What you should do: Below are entries. Give back exactly the lines from the one containing "David Dobrik left" through the one containing "All-Out Avengers #1: No", inclusive, without the pictures.

--- Exercise data Enclosed Below ---

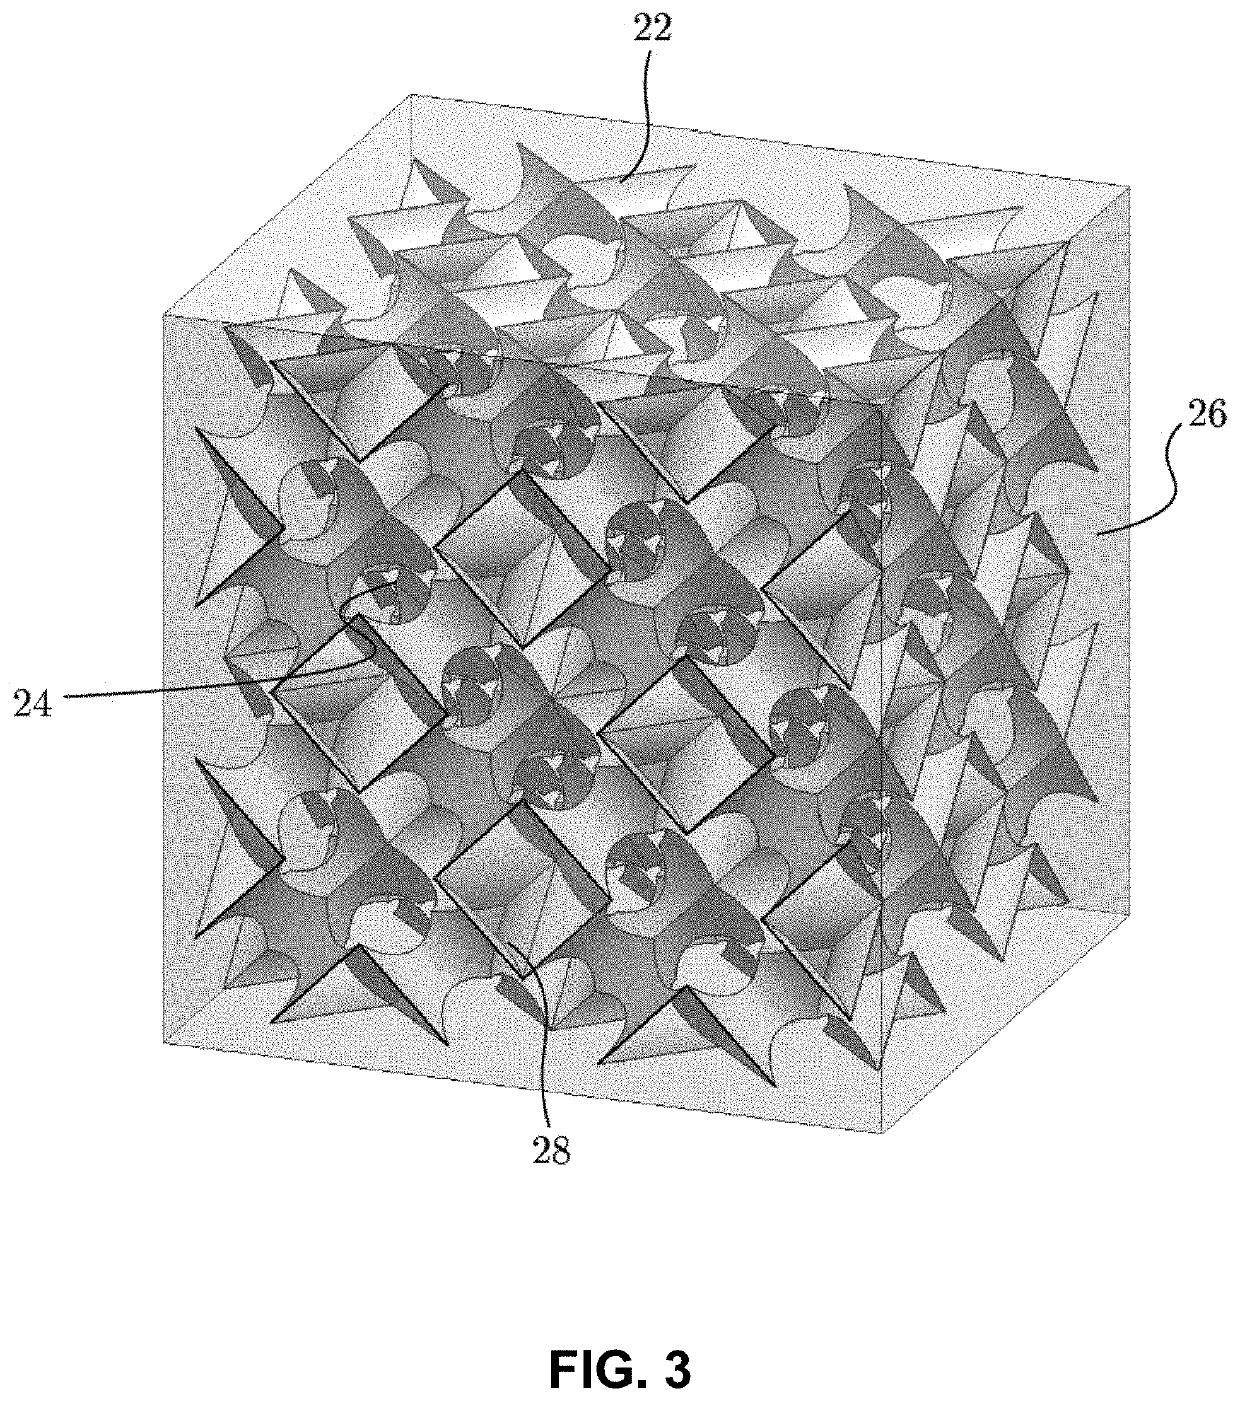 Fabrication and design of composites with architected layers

--- End of Enclosed Exercise data ---
--- Exercise data Enclosed Below ---

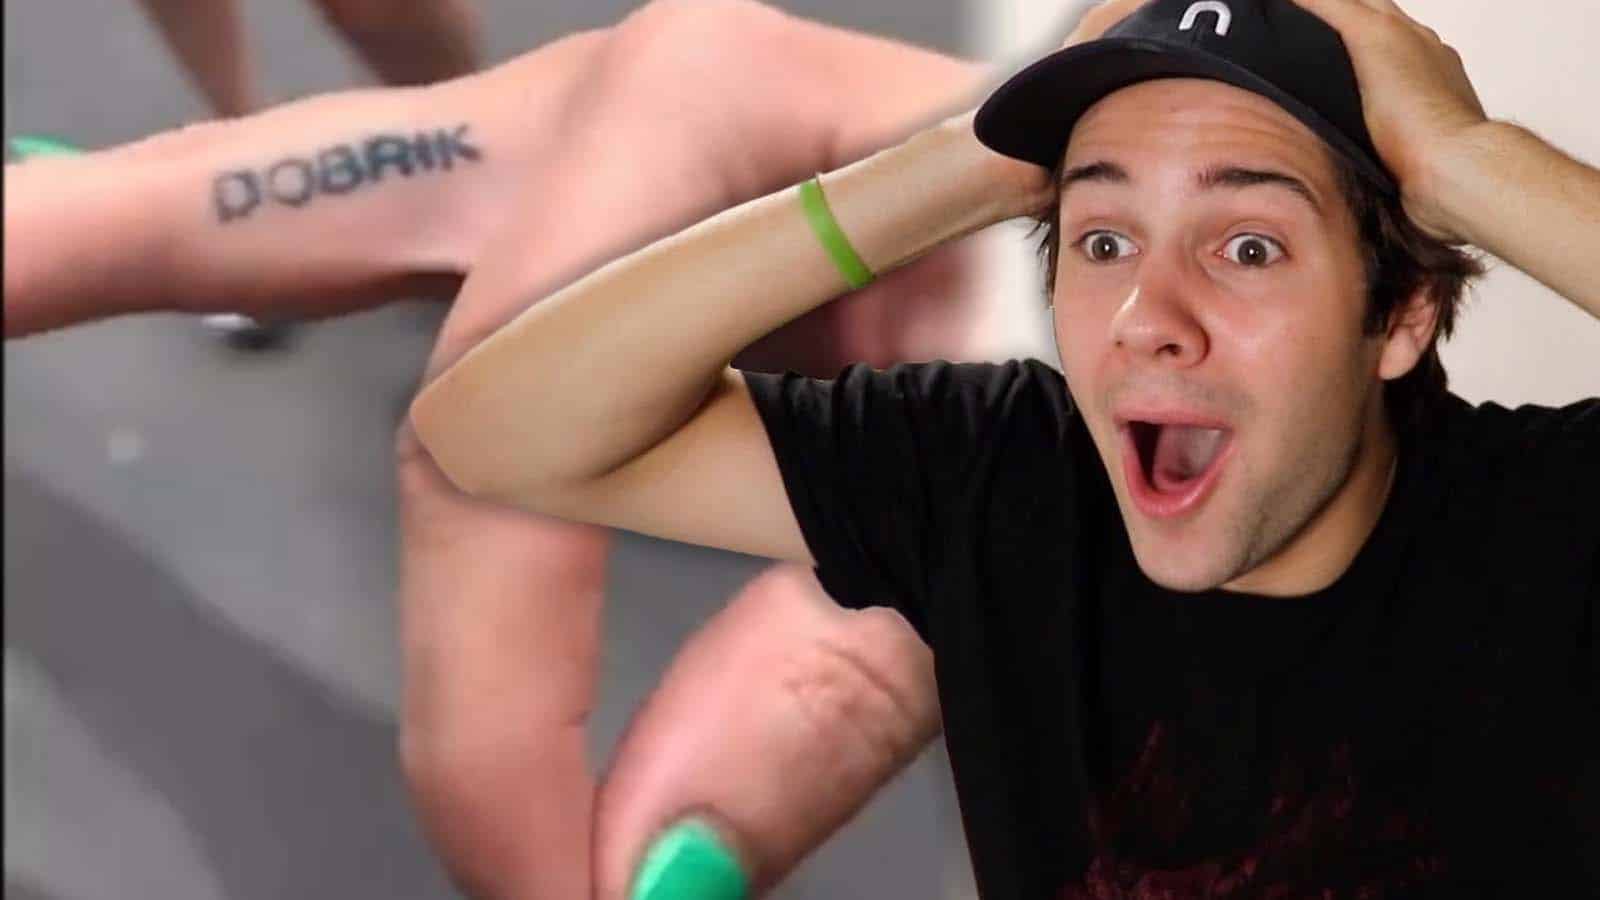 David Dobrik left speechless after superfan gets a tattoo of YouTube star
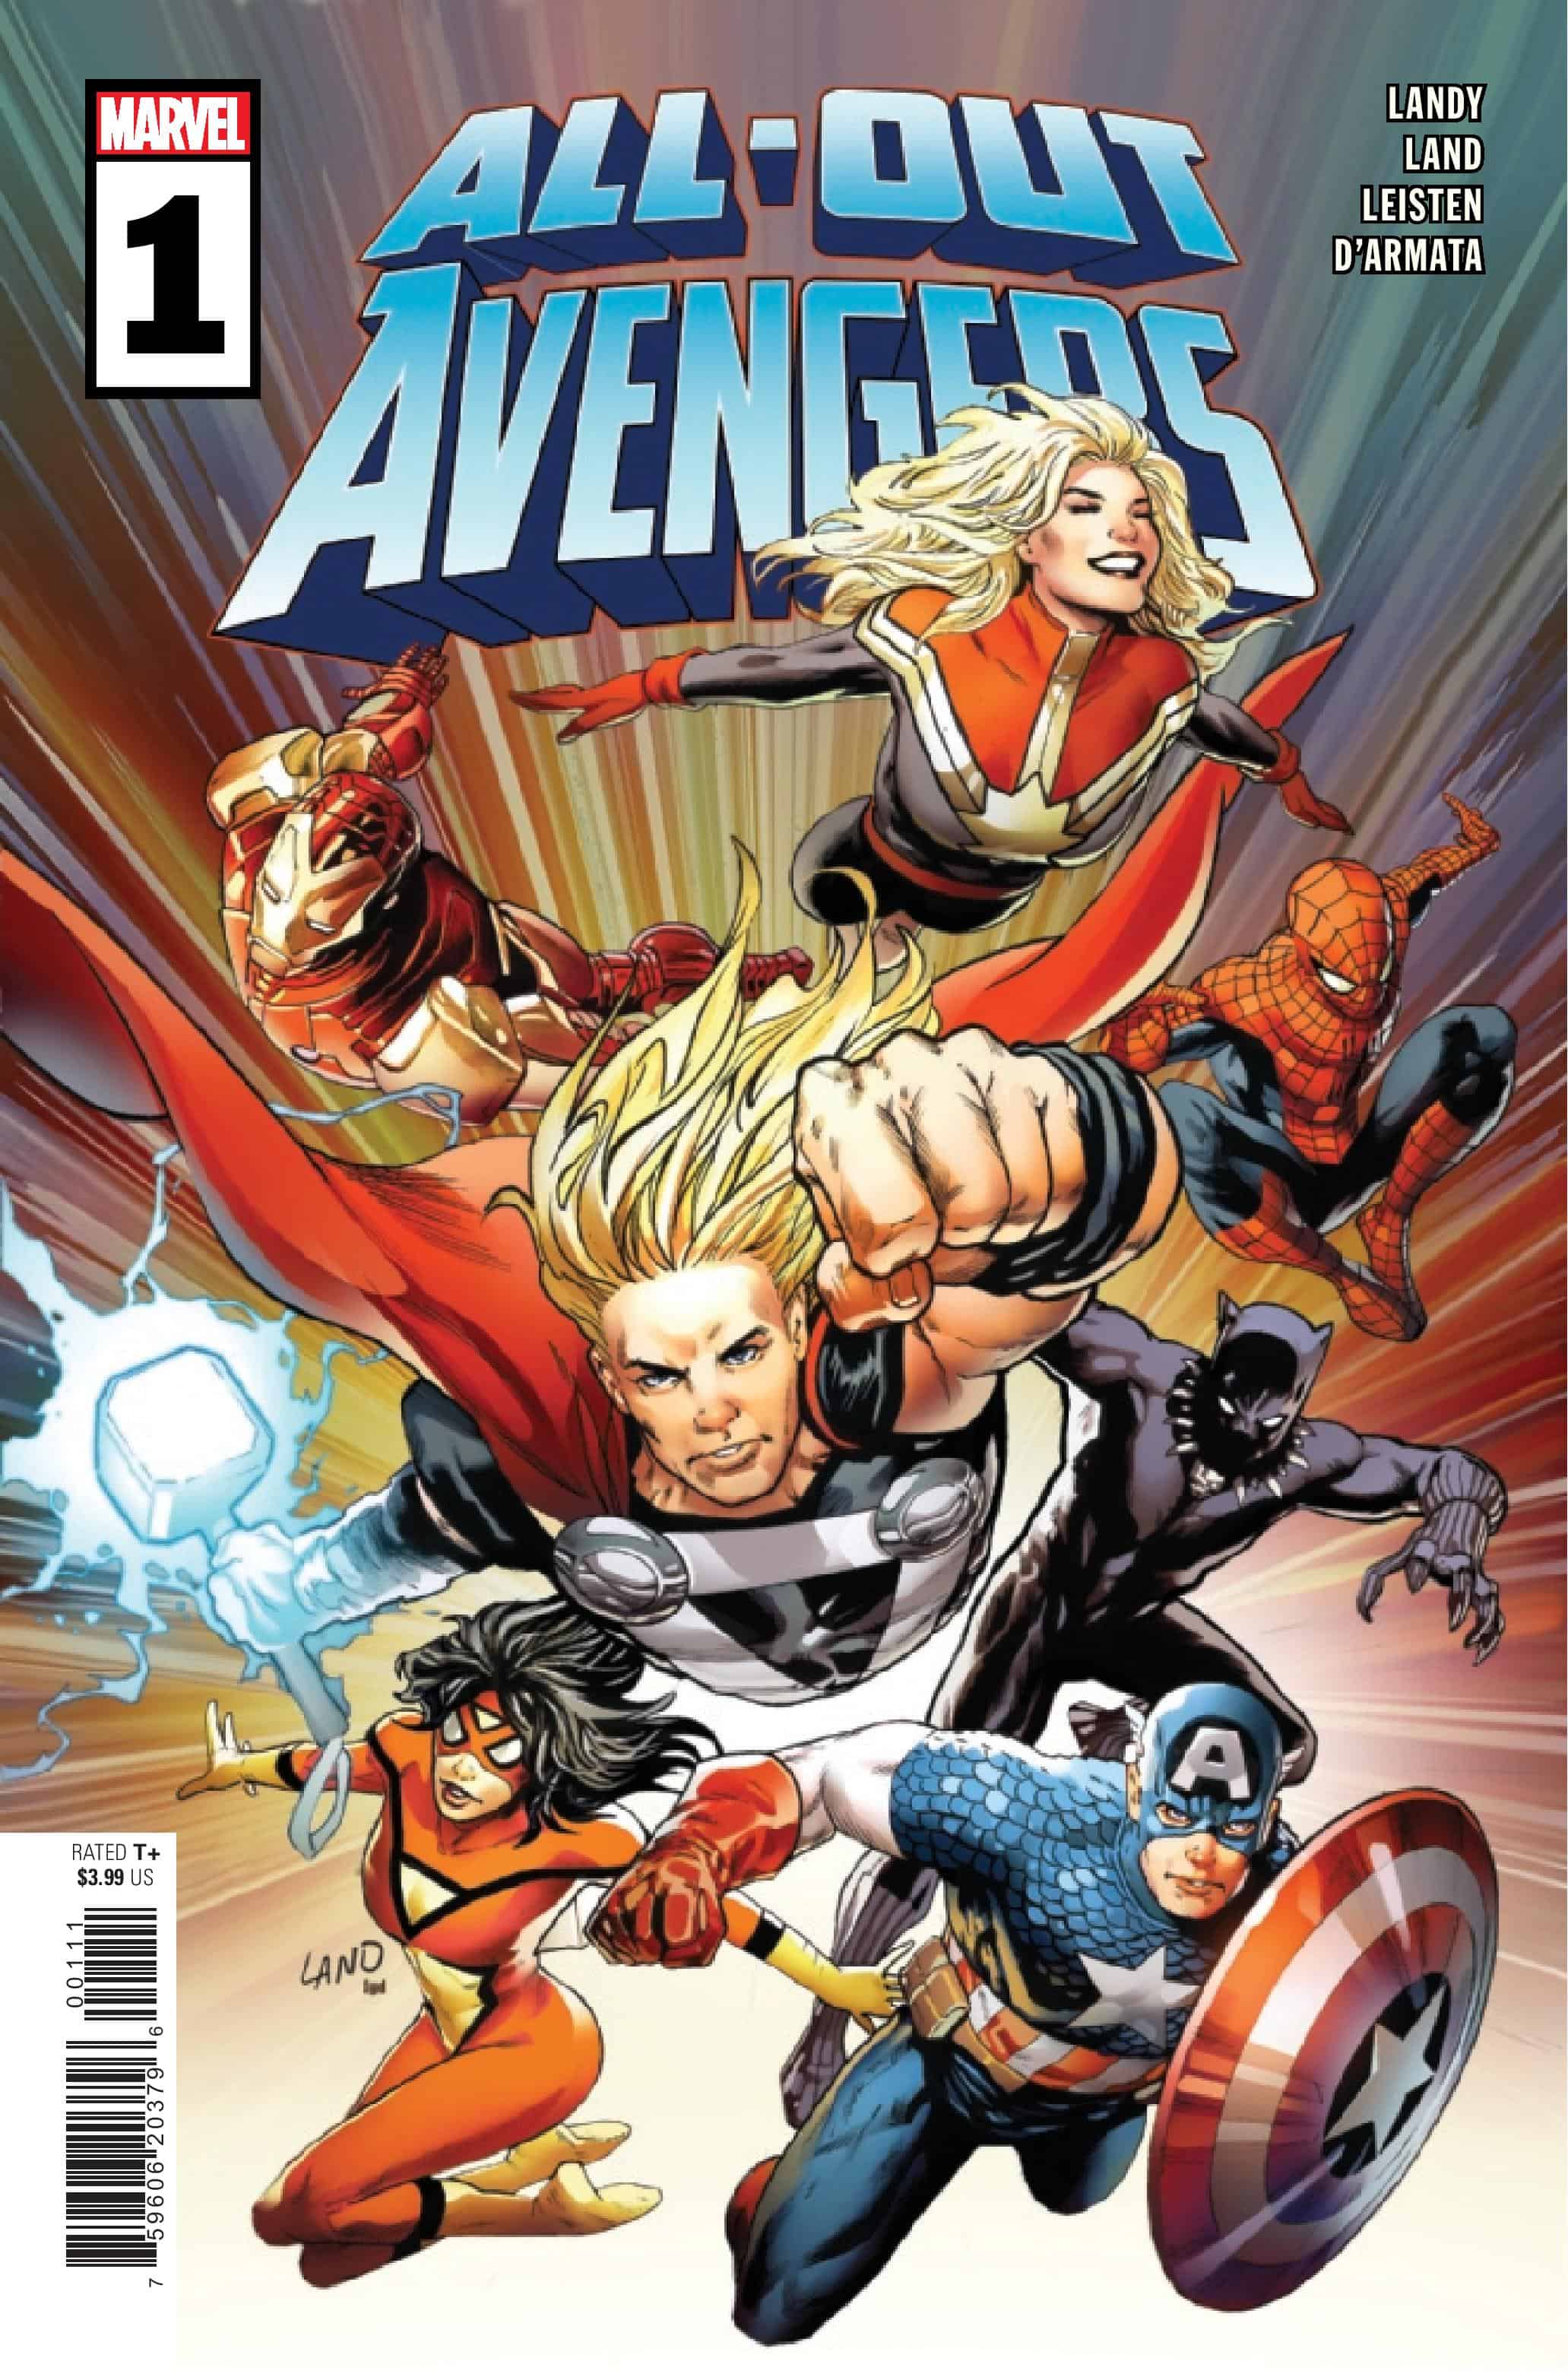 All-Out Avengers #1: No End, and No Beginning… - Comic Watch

--- End of Enclosed Exercise data ---

Solution:
 David Dobrik left speechless after superfan gets a tattoo of YouTube star
 All-Out Avengers #1: No End, and No Beginning… - Comic Watch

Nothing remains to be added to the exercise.